Old rusty Ferris wheel in Pripyat, Ukraine
The Ferris wheel in Pripyat has laid dormant for decadesImage: DW/K. Dambach

The TV miniseries gives the impression that at the time of the disaster, no one knew what to do about radiation. But today, the people surrounding Chernobyl definitely know what to do. In order to be allowed to leave, we had to pass through two radiation detectors, one at an inner checkpoint 10 km away from the reactor and one on the Exclusion Zone's outer border — and this, even though you nowadays generally receive more radiation on a trans-Atlantic flight than a day in Chernobyl. They wanted to make certain we didn't take anything with us.
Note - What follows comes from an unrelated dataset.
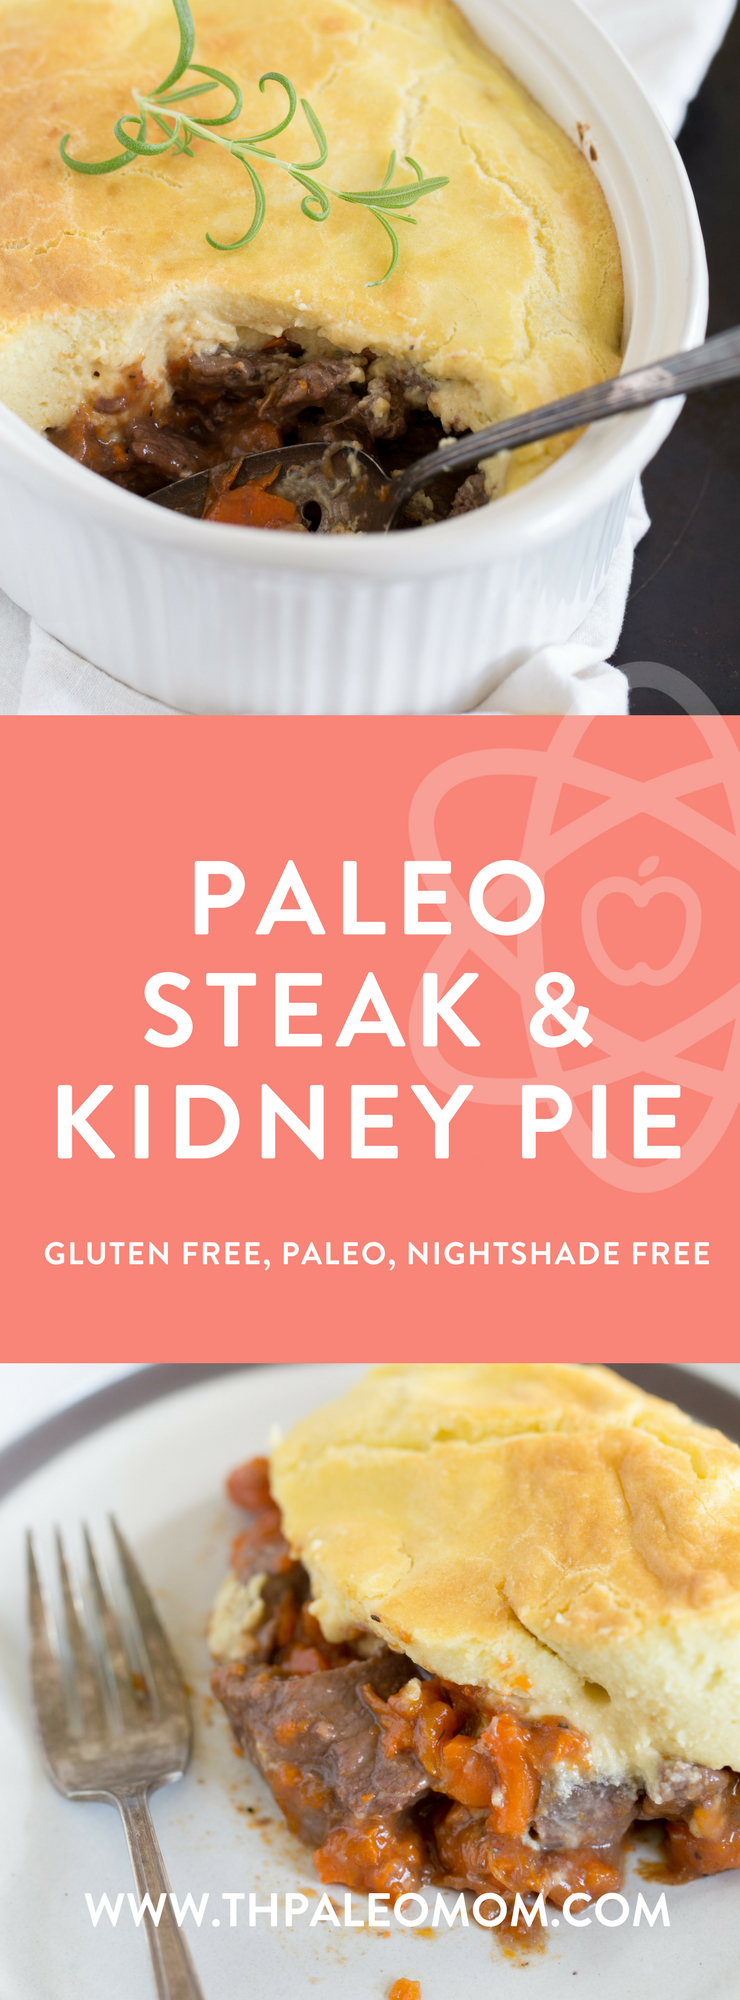 Paleo Steak and Kidney Pie ~ The Paleo Mom | Offal recipes ...

Large scaffold-looking radar system in Ukraine
A radar system set up near Chernobyl nuclear plant was used to detect missiles thousands of miles awayImage: DW/K. Dambach

TV tourism meets social media

Chernobyl is still a difficult place to get to physically and legally, which keeps it relatively safe from the threat of overtourism. But the lure of social media shots taken in recognizable locations and affordable travel costs have left other locations used for TV and movie filming swamped by tourists. Dubrovnik, Croatia is one such example, thanks to Game of Thrones, Star Wars and the panned 2018 remake of Robin Hood. The same can be said for Maya beach in Thailand, where The Beach, starring Leonardo DiCaprio, took place. That beach, due to all of the damage that tourists have caused, will be closed until 2021 for repairs.

Suddenly, the attraction of a site lies in its being a place where certain iconic scenes were filmed and not in its being a place of beauty — or of tragic importance.

Old propaganda painting on a wall in Chernobyl, Ukraine
Soviet propaganda can still be found, such as the Soviet Uncle SamImage: DW/K. Dambach

Various tourism agencies recently claimed that requests to visit Chernobyl jumped between 30%-40% after the premiere of the HBO and Sky co-produced miniseries, Reuters news agency reported.  Ivanchuk's SoloEast was one of the tours that registered this bump. But in our recent conversation, he said there had been no major increase in tourism to Chernobyl following the miniseries, yet he anticipated an uptick in the near future.

"In 2016 we had 7,500 (Chernobyl visitors) and last year, 2018, we had 11,450. I'm pretty sure the miniseries will add quite a bit on top of that. Of course people didn't rush into the Zone next day after the release, but I see steady growing interest and spike in the booking for the next few months," said Ivanchuk.

It seems the legacy of Chernobyl, the site of a historically significant catastrophe that claimed many victims and changed views on nuclear power, lives on beyond social media.